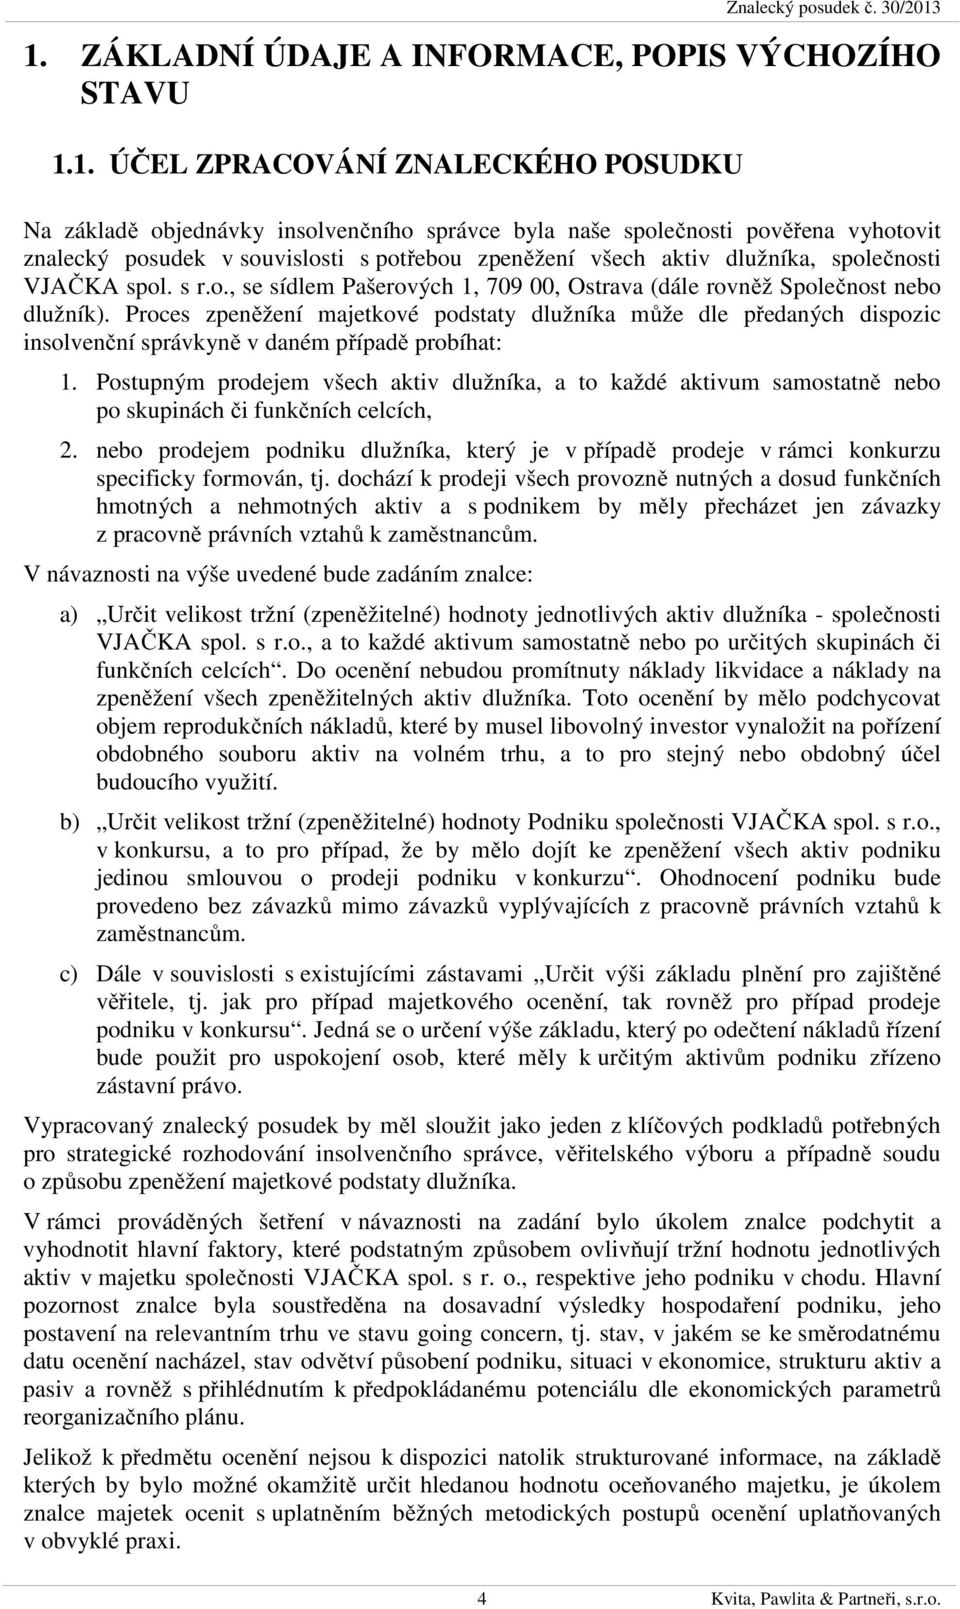 souvislosti s potřebou zpeněžení všech aktiv dlužníka, společnosti VJAČKA spol. s r.o., se sídlem Pašerových 1, 709 00, Ostrava (dále rovněž Společnost nebo dlužník).
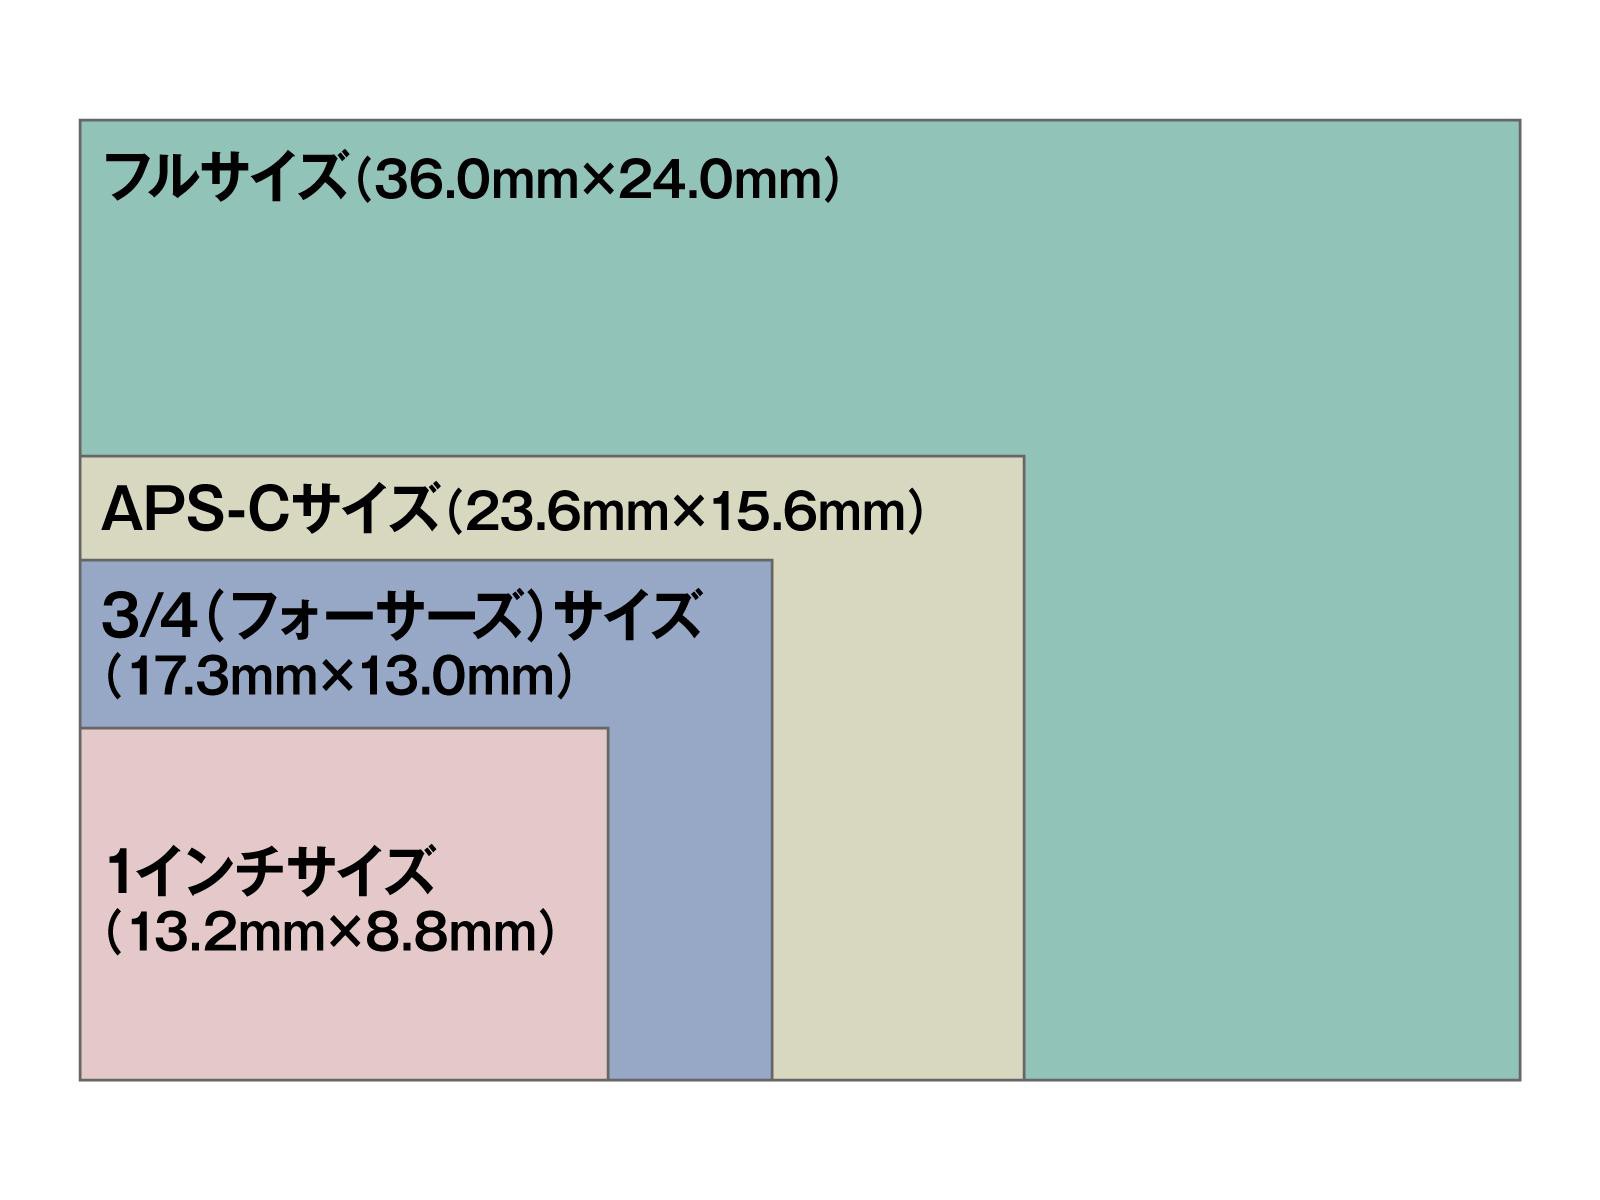 フィルムからデジカメへの過渡期の中で生まれた規格「35mmフルサイズ」。その他のセンサーサイズ（1インチ、フォーサーズ、APS-C）と比較すると、その大きさは圧倒的。
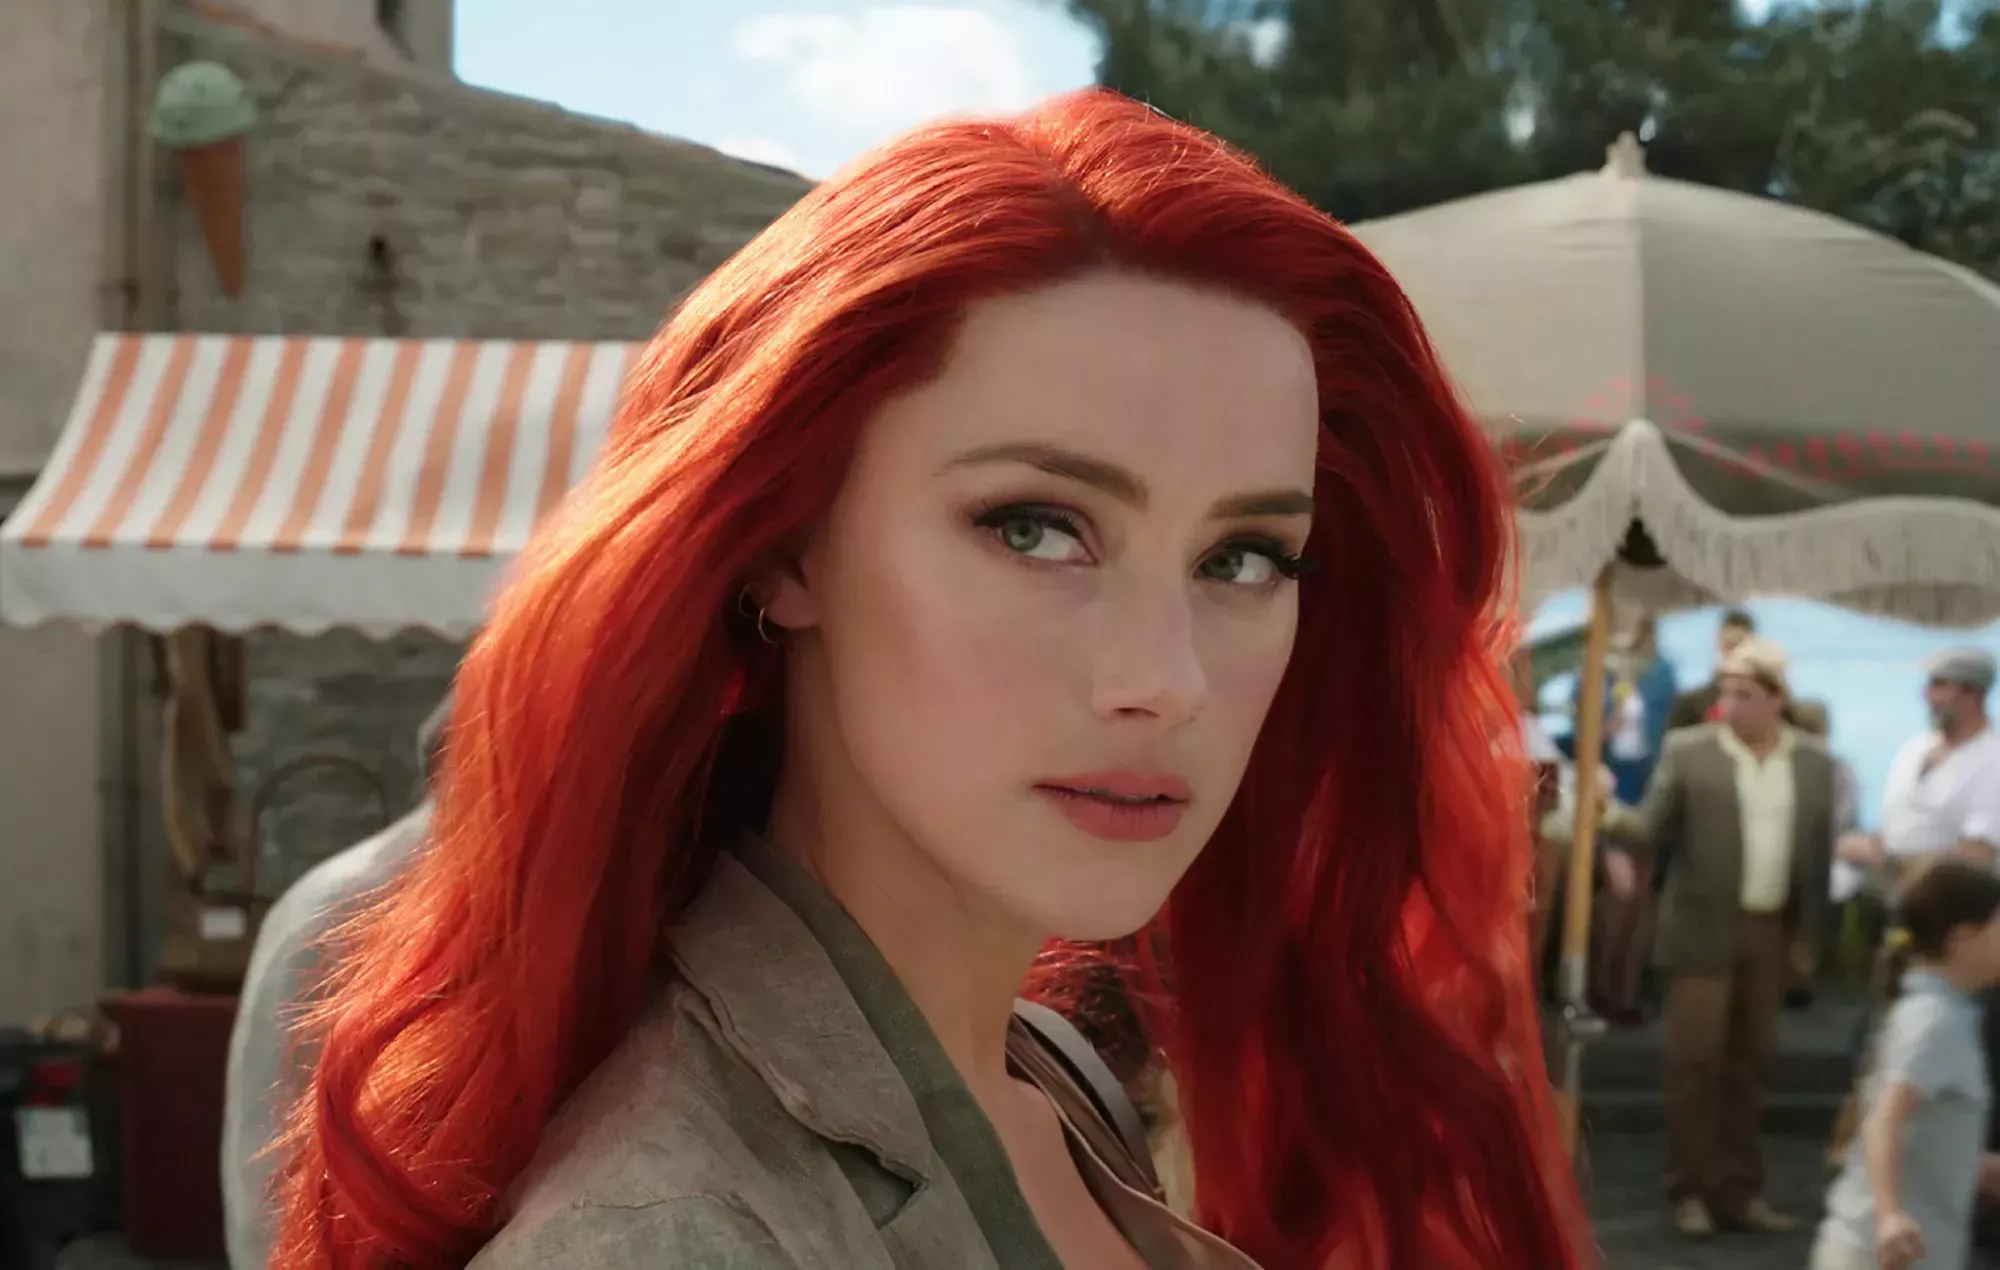 La petición para despedir a Amber Heard de 'Aquaman 2' alcanza los dos millones de firmas

▬▬▬▬▬▬

# WHAT YOU SHOULD DO
Pictures stay out. Everything else in the listing gets printed exactly.

# ANSWER TO THE EXERCISE
 souvislosti s potřebou zpeněžení všech aktiv dlužníka, společnosti VJAČKA spol. s r.o., se sídlem Pašerových 1, 709 00, Ostrava (dále rovněž Společnost nebo dlužník).
 フィルムからデジカメへの過渡期の中で生まれた規格「35mmフルサイズ」。その他のセンサーサイズ（1インチ、フォーサーズ、APS-C）と比較すると、その大きさは圧倒的。
 La petición para despedir a Amber Heard de 'Aquaman 2' alcanza los dos millones de firmas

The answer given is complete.